To conserve and exploit the enormous reserves of natural gas in the eastern region of Saudi Arabia, the Royal Commission has invested heavily in an East-West natural gas and oil pipeline extending from Jubail to Yanbu. This pipeline was designed to avoid the Strait of Hormuz between Oman, Iran, and the UAE, as the Strait can potentially be closed by Iran, thus cutting off the supply of oil and gas.

The double pipeline, which originates in the eastern part of the country, transports the natural gas gathered and processed in the Jubail industrial zone to the western city of Yanbu. This natural gas facilitates the export of energy products from the Red Sea coast as well as supporting many of the industrial projects in Yanbu. The pipeline, which was completed in 1982, connects two cities at a distance of 1,170 kilometers. 

Jubail Industrial City II

The success of Jubail Industrial City prompted the Saudi authorities to begin work on the second phase of the project, nicknamed Jubail II. In 2005, the late King Abdullah laid the foundation stone of Jubail II, which drew in investments totaling $60 billion.
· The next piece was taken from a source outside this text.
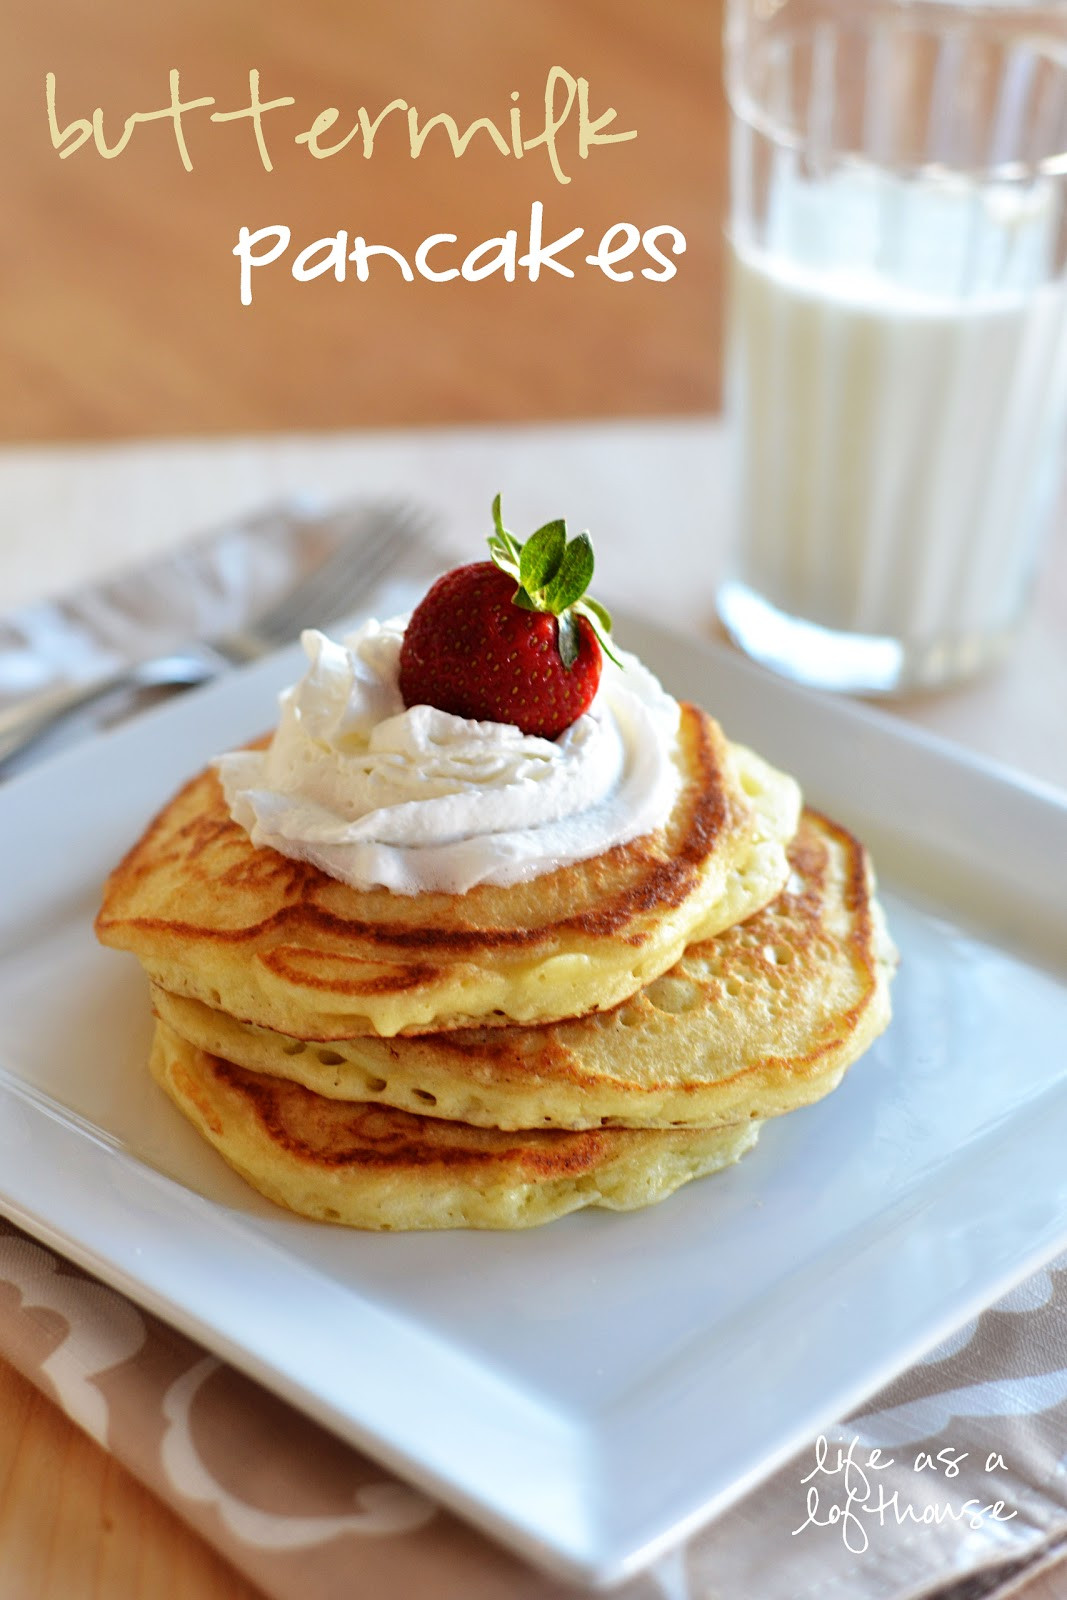 Bisquick Buttermilk Pancakes  Buttermilk Pancakes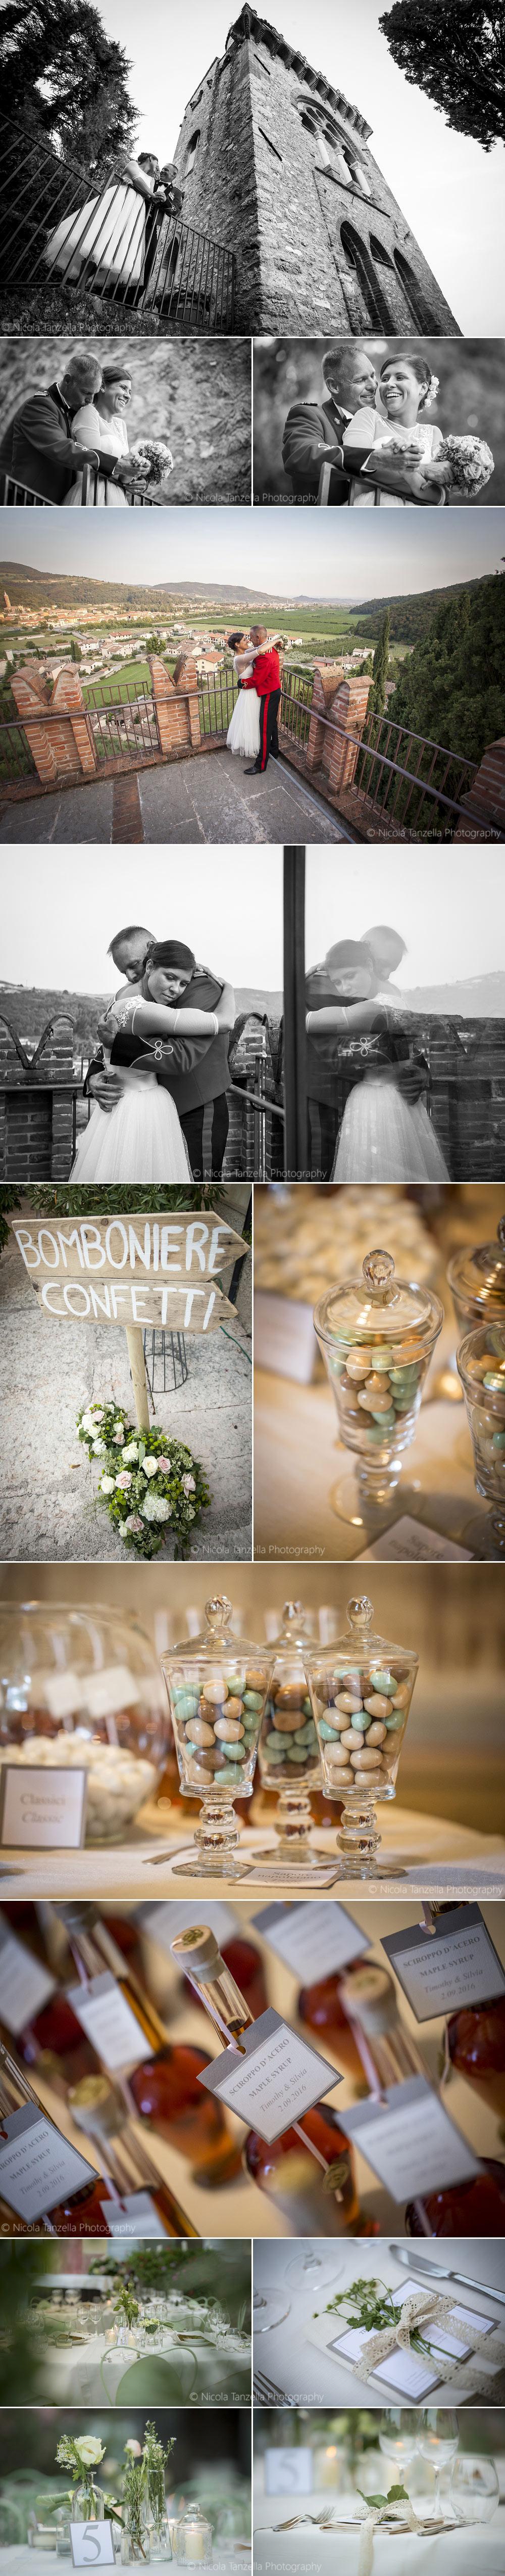 wedding in verona -7

This expansion project is expected to create more than 55,000 new jobs. 

Jubail II was originally envisioned as a four-phase project covering an area of nearly 900km2. Phase one contains various factories and plants, including a joint venture between Saudi International Petrochemicals and Korea’s Hanwha Chemicals Corp, which began operations in 2013. Phase two comprises the massive Satorp refinery that we discussed earlier in this video. Phase three houses the Sadara chemicals complex, a joint venture between the Dow Chemical Company and Saudi Aramco. Only the fourth phase of the project, which will contain four blocks for aluminum and smelting plants, is yet to be completed. 

Over 35 million cubic meters of soil had to be excavated and moved for the construction of Jubail II. It has so far provided accommodation for 120,000 new residents, educational facilities for 18,000 students in the form of a ‘greenfield’ university, as well as medical centers, waste management centers, and much more. 

Huge pipelines had to be installed under the city’s corridors to serve the industries with seawater, which is used as coolant in many factories and plants. As before, Bechtel Corporation has been chosen to design and manage this new expansion of the ever-growing Jubail Industrial City.